Выбрать главу

— Я, пожалуй, пойду, — сказал он, — раз вы все поняли. Если Зара узнает, что я здесь был, она меня сожрет.

— А где сейчас тетя Зара? — спросила я.

— На этом собрании, — сказал дядя Кестрел. Он, наверное, заметил мой взгляд, потому что объяснил, хромая к двери: — Зара тоже в сложном положении. Ты пойми — она боится, что ее причислят к вам и тоже захотят убить. Вот ей и пришлось пойти. Ну, а я — дело другое. Вы ж понимаете.

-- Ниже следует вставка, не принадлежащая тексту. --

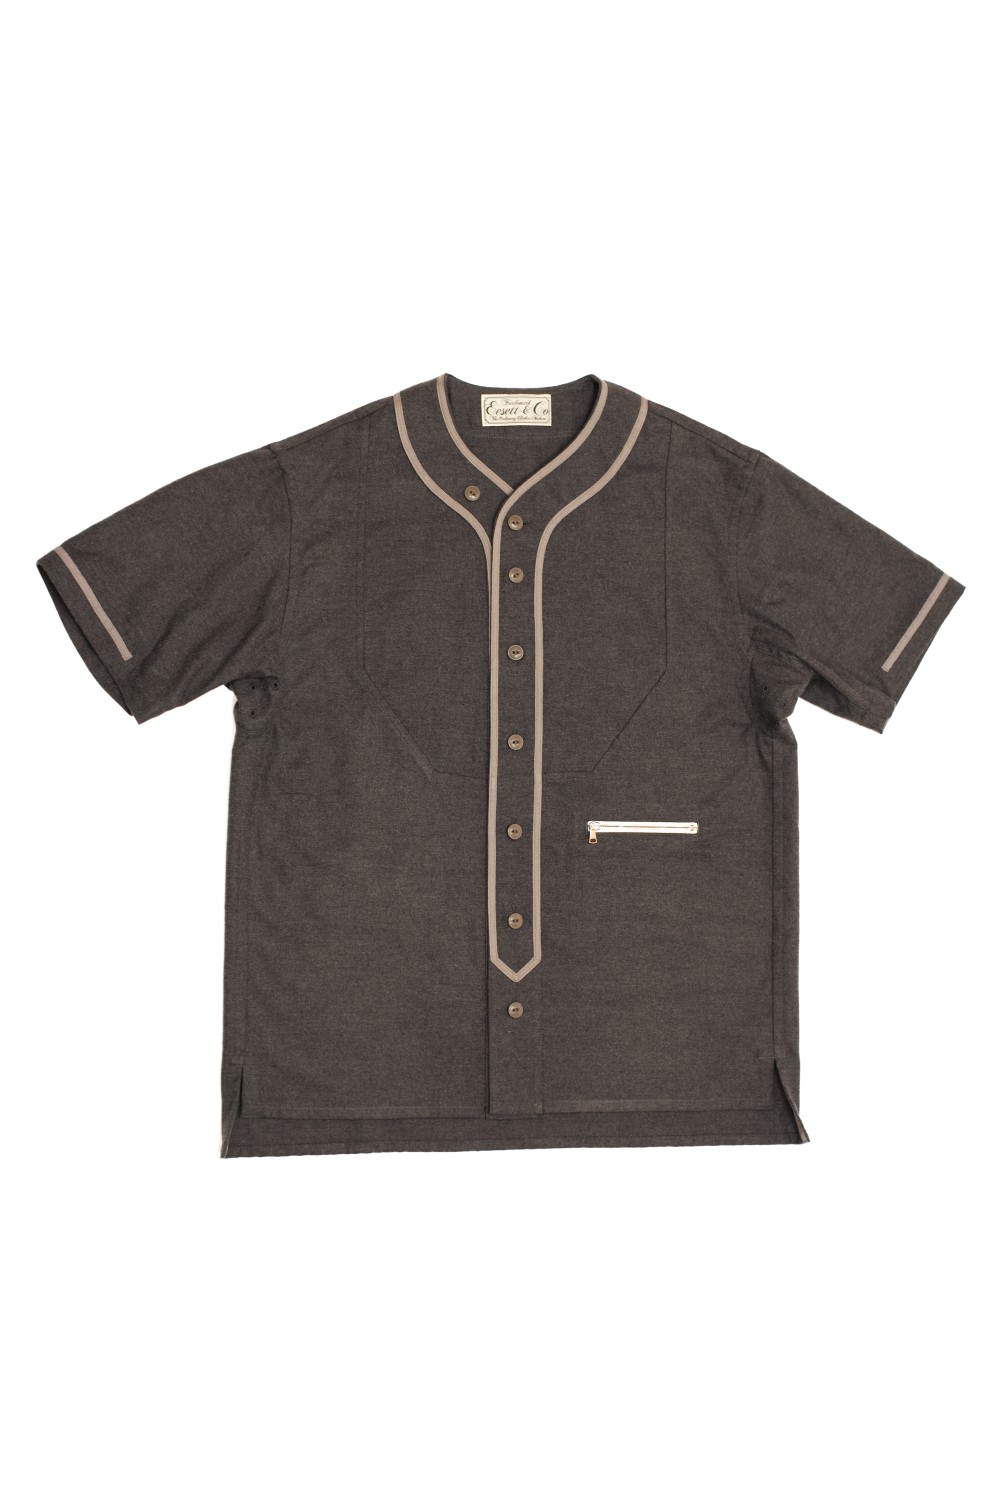 baseball shirt charcoal grey

На самом деле, я вовсе не понимаю, в чем тут разница, и почему для дяди Кестрела это было безопаснее. Даже Робин, и та не понимает.

Я открыла дверь, чтобы выпустить дядю Кестрела, и в дверной проем ворвался грохот, идущий со стороны Реки. Он был настолько громким, что мне пришлось зажать уши. Я не слыхала такого шума даже во время бури. Но при этом ветер бы несильный, и дождь еле-еле накрапывал. Это шумела Река. В полосе света, падающего из двери, стало видно, что черная вода поднялась уже до середины склона.

Дядя Кестрел прокричал мне что-то — правда, я ничегошеньки не расслышала, — и заковылял прочь. Я захлопнула дверь, а потом мы с Хэрном забаррикадовали окна и двери. Нам даже не потребовалось ничего обсуждать. Мы просто носились, как угорелые, и заклинивали дверные ручки самыми тяжелыми стульями, а лавки и полки пристраивали поперек ставен. Дверь дровяного сарая мы подперли лодкой. Мы здорово нашумели, пока закрывали окно наз кроватью Гулла, но Гулл не проснулся.

Все это время Утенок простоял, склонив голову, перед нишей с Бессмертными, а Робин так и не встала из-за стола с остатками ужина.

— Я не могу в это поверить! — сказала она. А когда мы на следующий раз пробегали мимо нее, добавила: — В конце концов, мы знаем это только со слов нашего несчастного дяди Кестрела. А он сильно сдал. Он мог неправильно понять Звитта. Мы же прожили в Шеллинге всю жизнь! Они не могут…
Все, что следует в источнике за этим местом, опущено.